Probabilmente, gli atteggiamenti molto diversi di Joe Biden e di Barack Obama nei confronti della Apple determinano un cambiamento di prospettiva della politica statunitense rispetto ai propri colossi tecnologici. Del resto, stiamo parlando di un episodio che si è verificato oggi (quasi 2024) con gli Apple Watch e di un’altra circostanza che si è verificata invece quasi 11 anni fa, nel 2013. All’epoca dei fatti, Obama si è dovuto esprimere sul divieto di importazione di alcuni modelli di iPhone e di iPad (l’iPhone 4 e l’iPad 2) dietro sollecitazione di Samsung. Nel quadro economico e politico dell’epoca, Samsung e Apple sembravano ancora giocare alla pari e – dunque – una decisione contraria a Cupertino avrebbe potuto in qualche modo svantaggiare l’azienda americana rispetto a quella coreana. Oggi, invece, Apple ha una potenza di fuoco tale da essere diventata quasi un’altra istituzione nell’apparato costituzionale degli Stati Uniti, su cui non si esercita più quella sorta di protezionismo o di paternalismo (da parte del governo) che in passato ha contribuito alle sue fortune.

Anche in quel caso, il divieto era stato preceduto da una disputa legale sui brevetti.
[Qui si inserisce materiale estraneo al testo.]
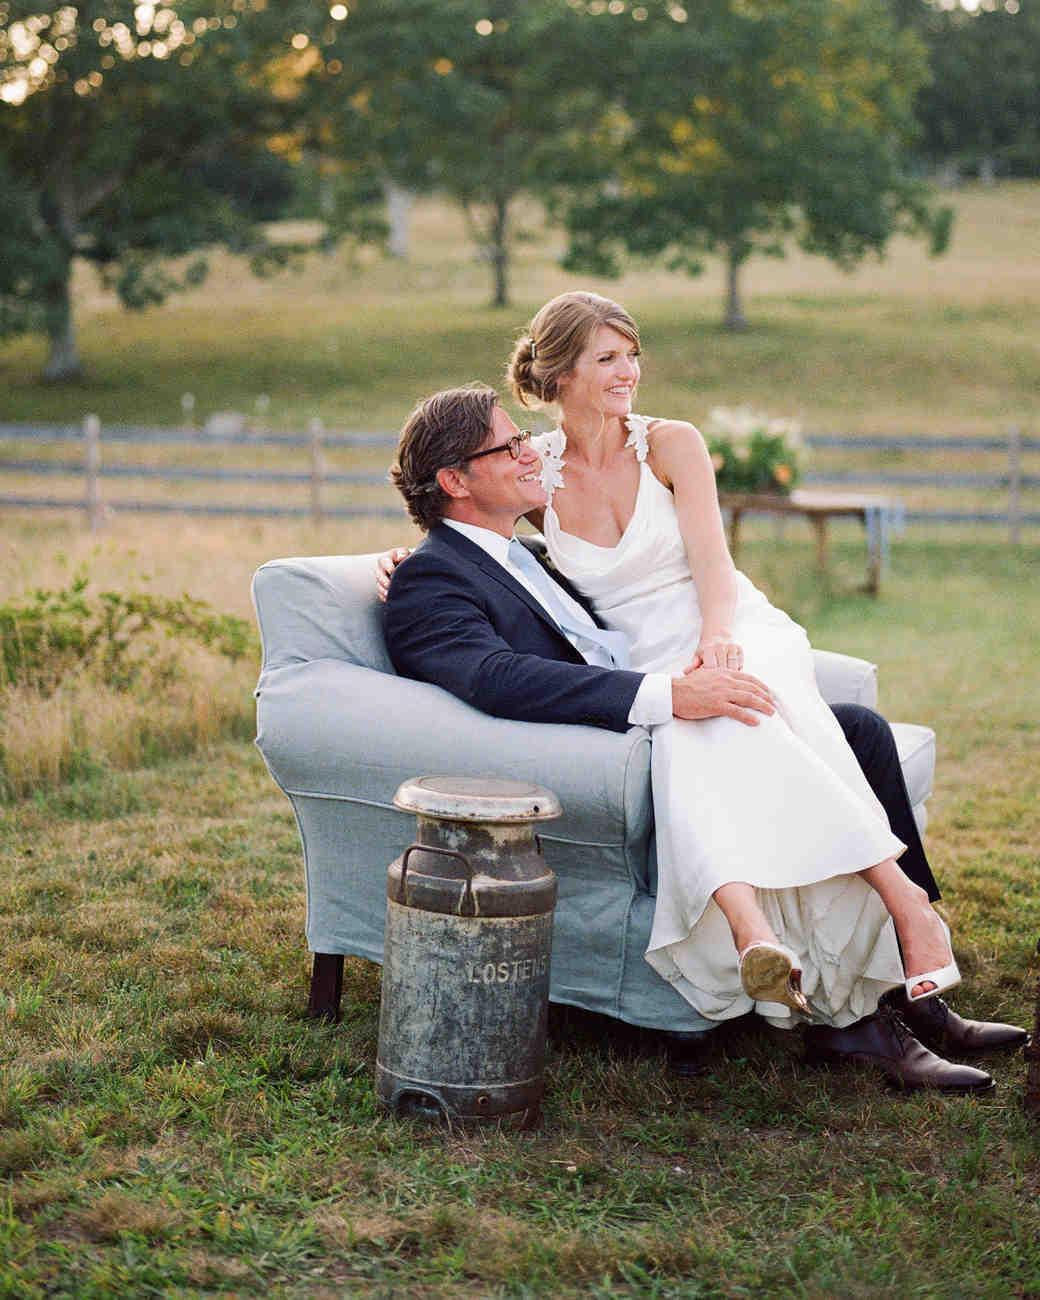 Olivia And Tyler S Black Tie Wedding In Their Family S: Jocelyn And Graham's Elegant Martha's Vineyard Wedding
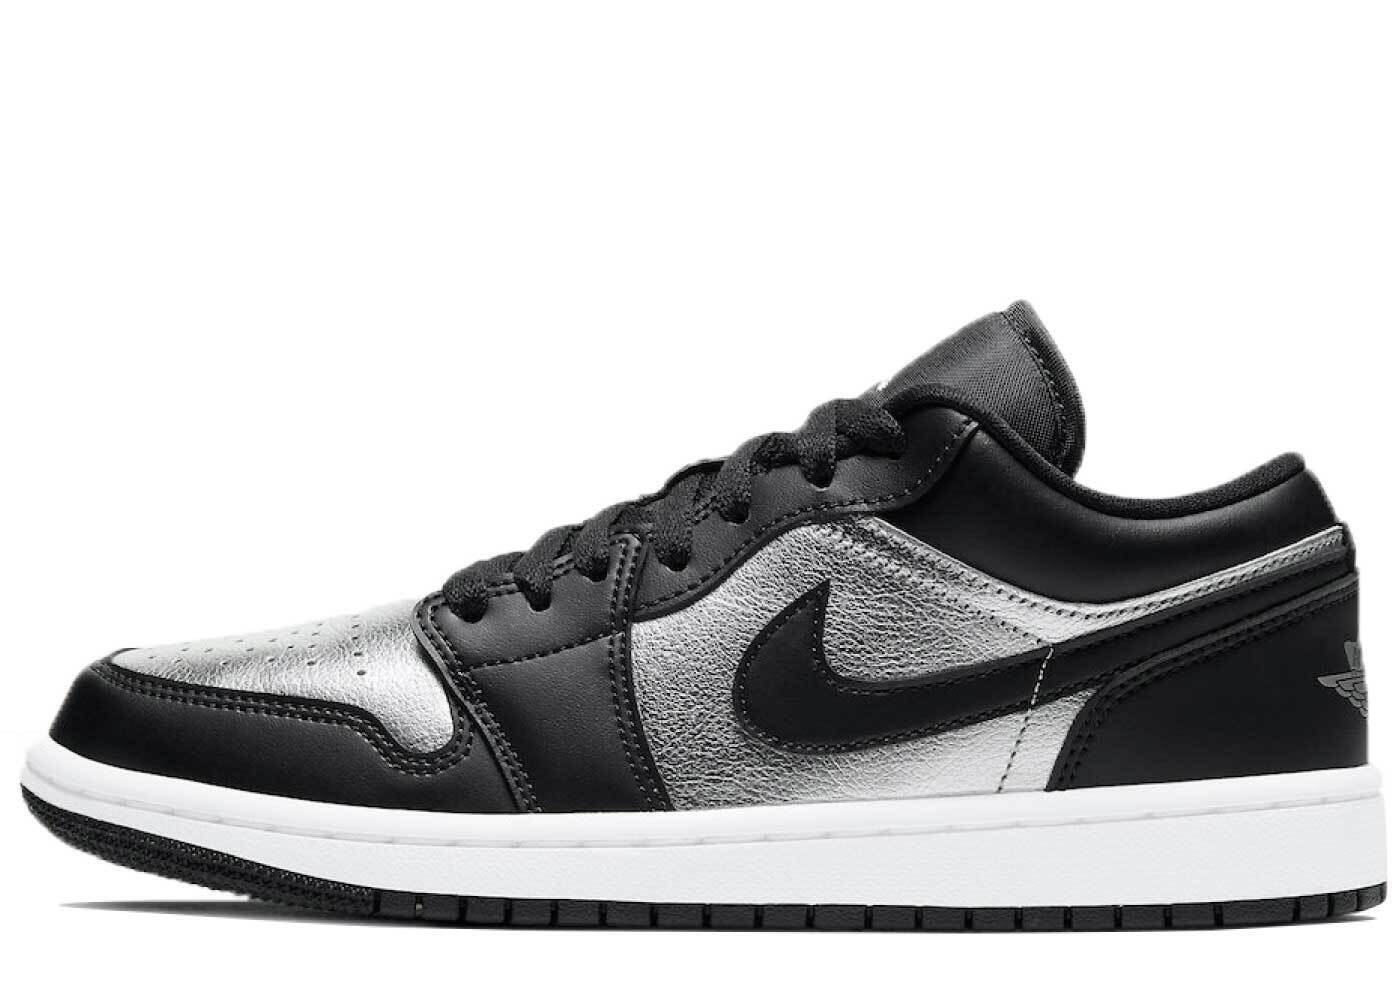 Nike Air Jordan 1 Low SE Black Metallic Silver Womensの写真

Secondo l’International Trade Commission, anche in quella circostanza, era stata Apple a violare alcuni brevetti di Samsung (l’azienda coreana sosteneva che alcune componenti degli smartphone fossero di sua assoluta proprietà, anche se queste venivano declinate poi agli scopi di Apple e secondo il suo stile). Apple, invece, rispondeva che un brevetto su quelle componenti degli smartphone fosse normato da condizioni particolari, alle quali Samsung non si era affatto uniformato. Fu questo a far propendere Obama per il veto sulla decisione dell’ITC e – di conseguenza – per la decisione favorevole ad Apple.

Questione di peso politico?

Ribadiamo la differenza sostanziale. Oggi, la disputa regolata dall’ITC riguarda due società americane (Apple e Masimo), all’epoca, invece, era una questione di scontro tra due mondi: quello di un colosso americano e quello di un suo concorrente coreano che, oltre 10 anni fa, aveva una potenza di fuoco molto più forte di quella odierna. Poi, c’è anche il quadro economico e politico che è cambiato: sebbene Obama e Biden siano due politici appartenenti al partito democratico, oggi c’è una percezione molto diversa del pubblico e dell’elettore rispetto alle grandi aziende di Big Tech. Queste ultime, a differenza di qualche anno fa (quando la corsa al primato era vivace e poteva in qualche modo condizionare anche altri settori del mercato), sono guardate con un sospetto maggiore sia dalle istituzioni politiche (di cui un tempo sembravano alleate e di cui, oggi, sembrano avversarie paritetiche), sia dai cittadini che le percepiscono, ormai, come monopolistiche nei rispettivi campi di interesse.

Tra l’altro, la decisione di Joe Biden è molto più in linea con la prassi istituzionale americana: se si eccettua il caso Obama, prima del 2013 l’ultima volta che un presidente aveva posto il veto su una decisione dell’ITC risaliva al 1987. Sarebbe stato, dunque, un caso raro. In un’epoca in cui le grandi aziende di Big Tech hanno dimostrato di potercela fare da sole (e in cui hanno spesso prevaricato rispetto a chi si affacciava in uno spicchio del loro raggio d’azione), la Casa Bianca ha preferito chiamarsi fuori.